_PROBLEM DETAILS:_ Each line below must be reproduced exactly as it stands. Pictures stay out of the copy.

_DATA SECTION:_
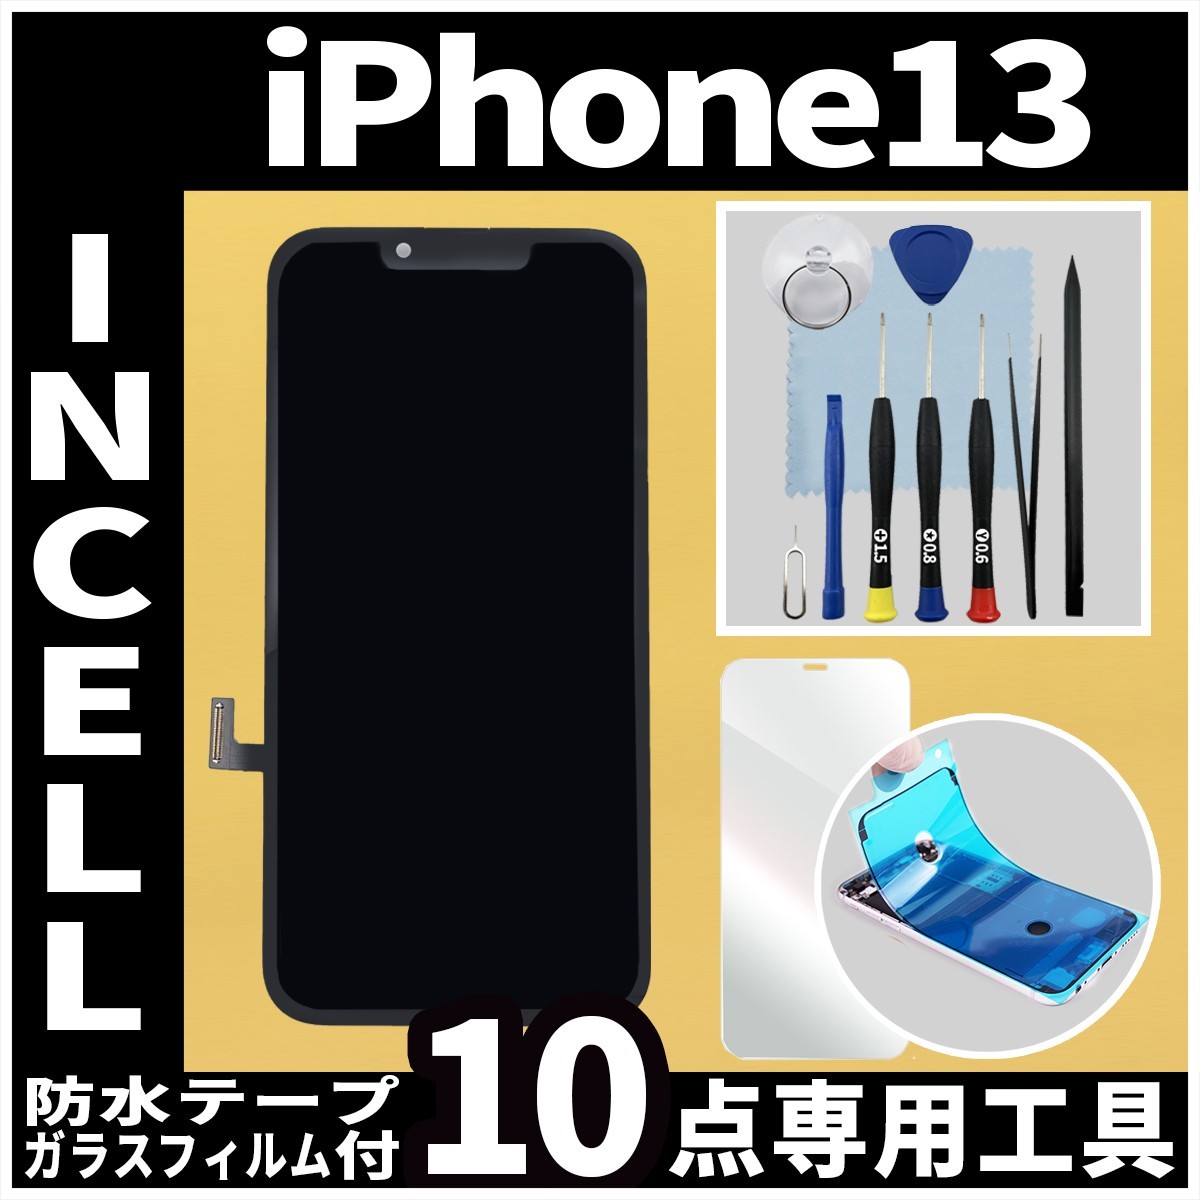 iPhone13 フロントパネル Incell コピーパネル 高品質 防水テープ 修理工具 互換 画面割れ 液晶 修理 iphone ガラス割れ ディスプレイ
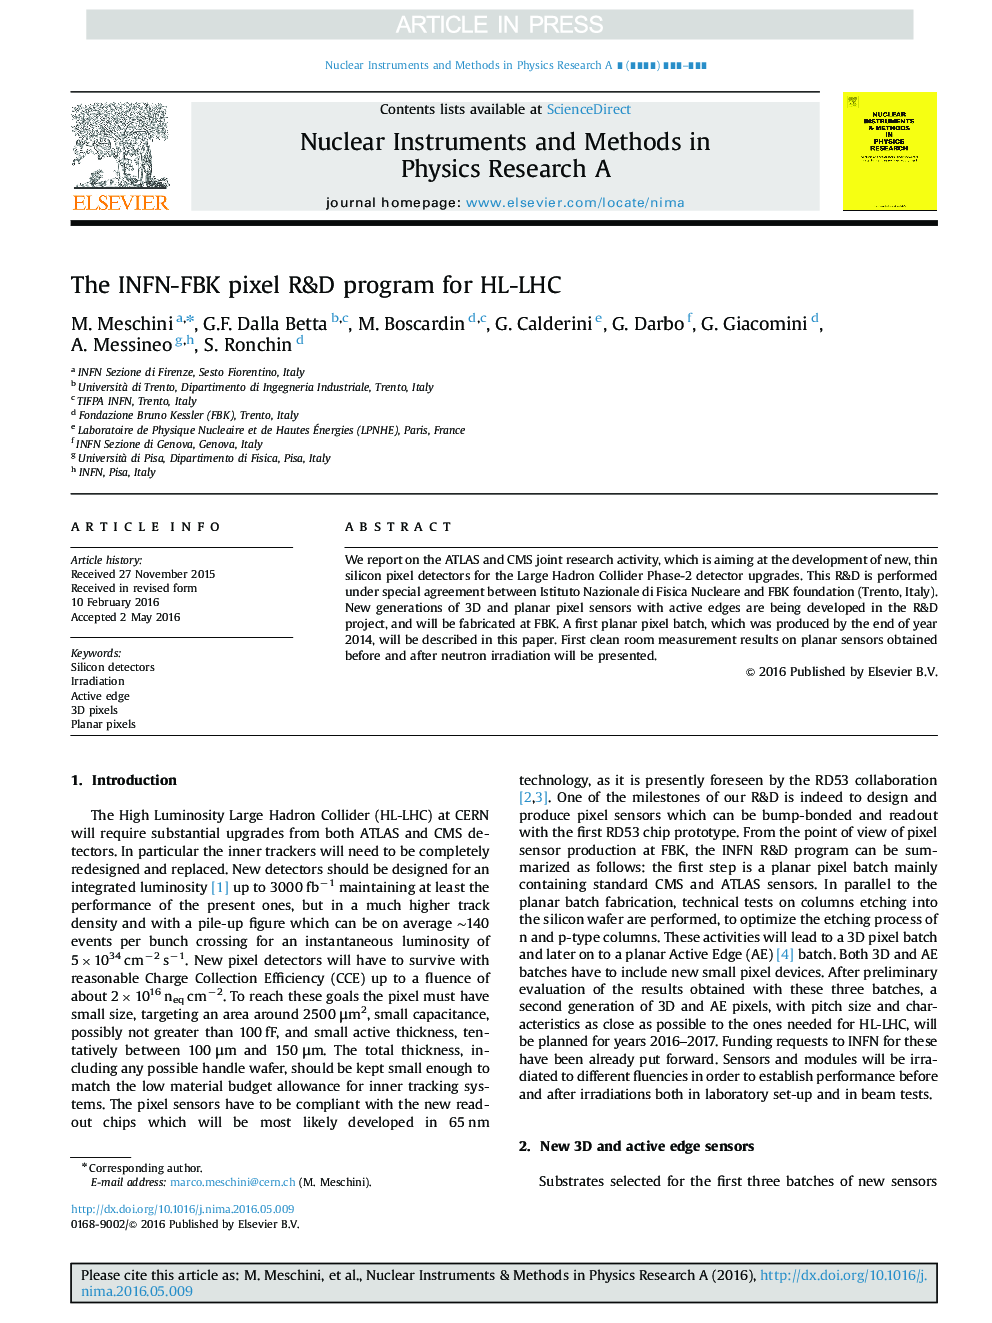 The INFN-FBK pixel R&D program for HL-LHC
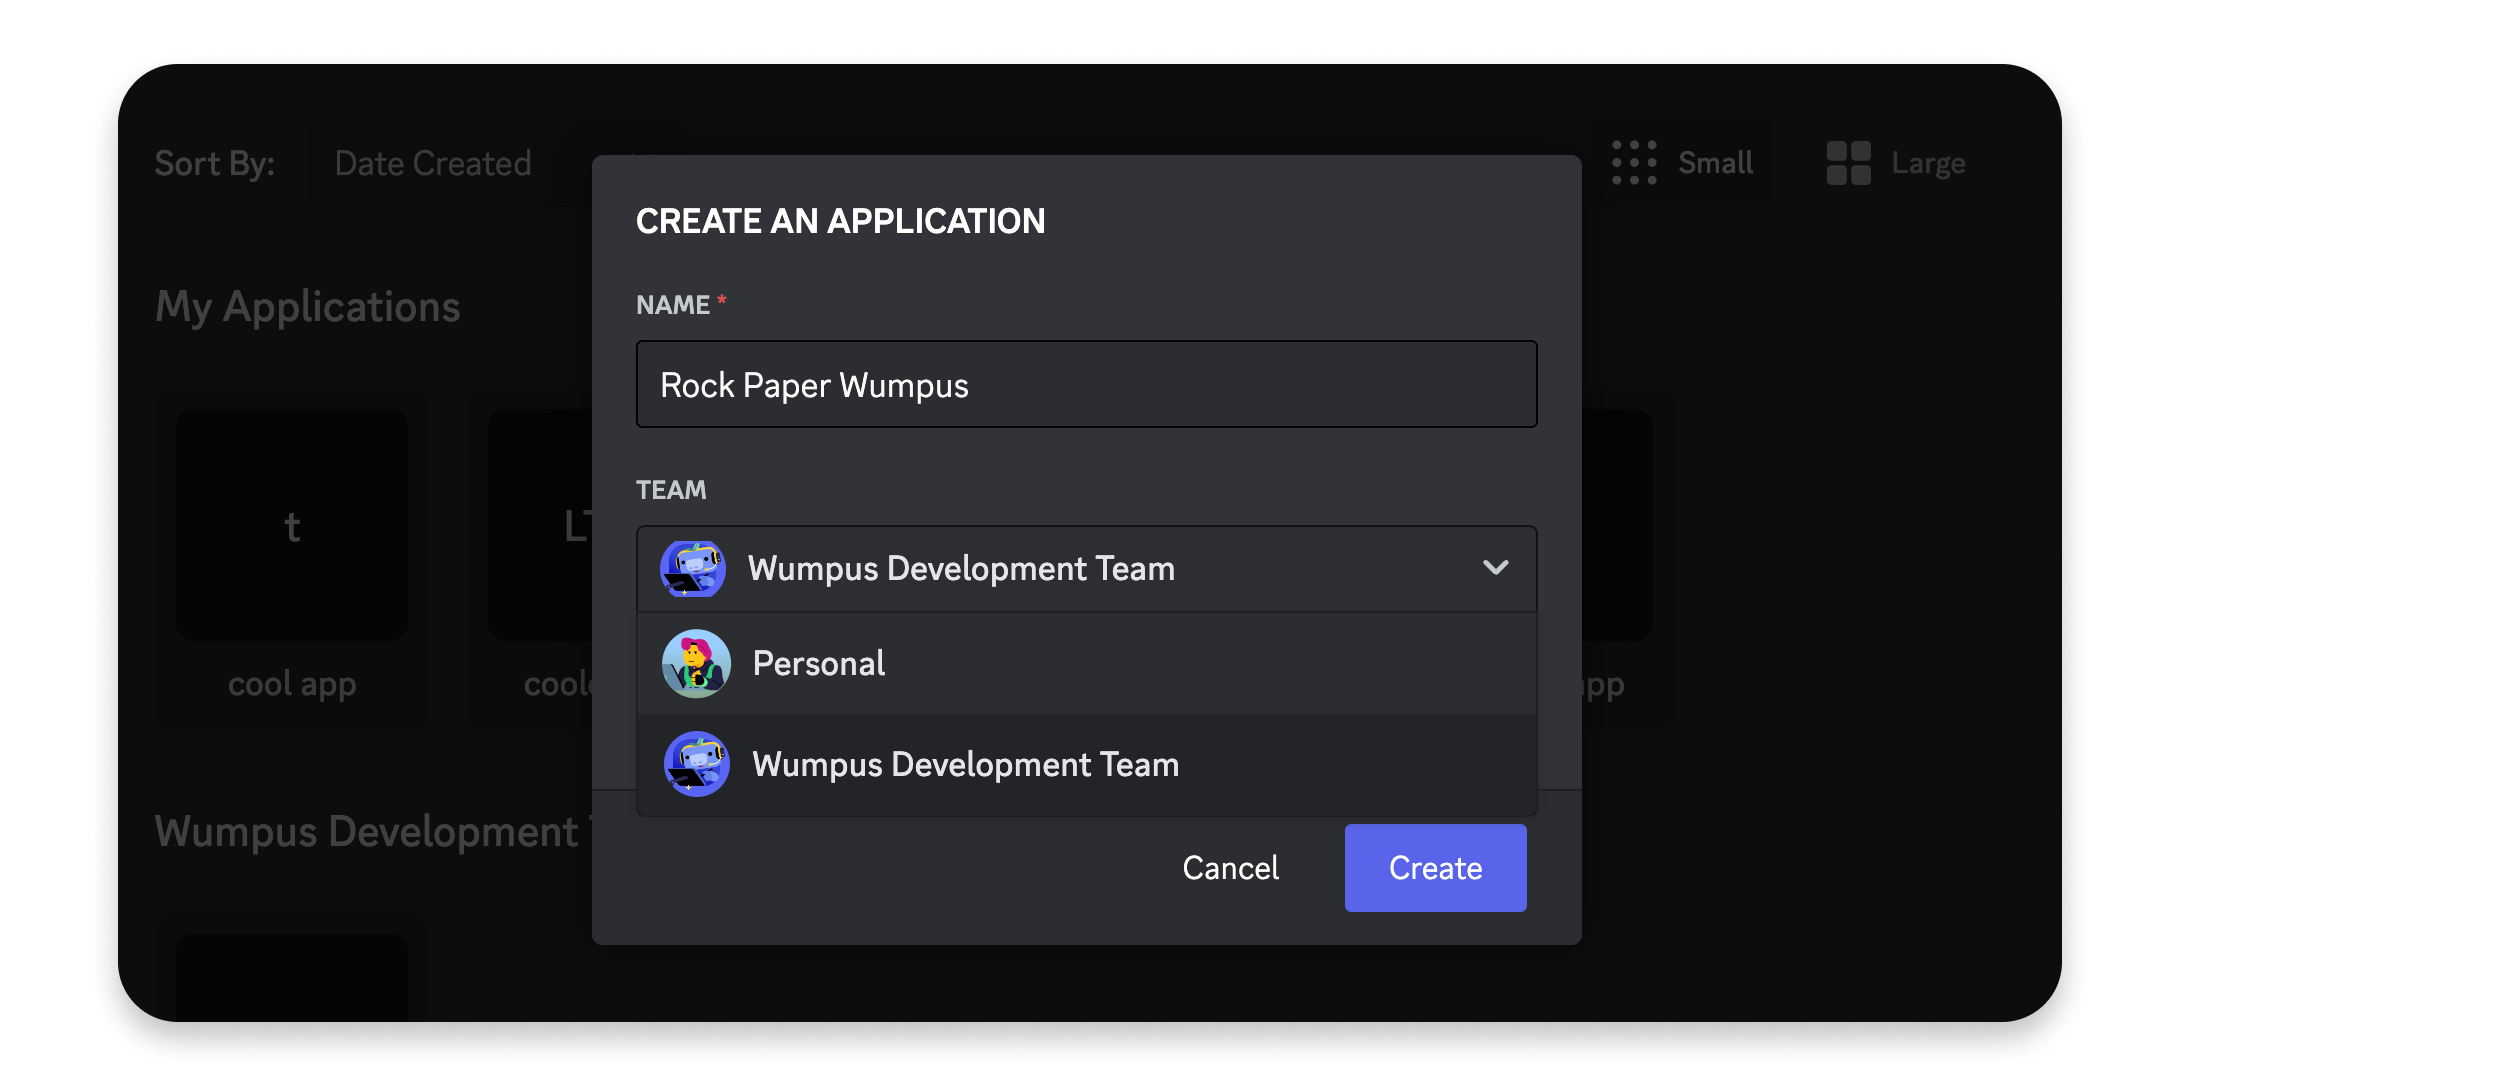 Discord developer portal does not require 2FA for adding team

_ANSWER SPACE:_
 iPhone13 フロントパネル Incell コピーパネル 高品質 防水テープ 修理工具 互換 画面割れ 液晶 修理 iphone ガラス割れ ディスプレイ
 The INFN-FBK pixel R&D program for HL-LHC
 Discord developer portal does not require 2FA for adding team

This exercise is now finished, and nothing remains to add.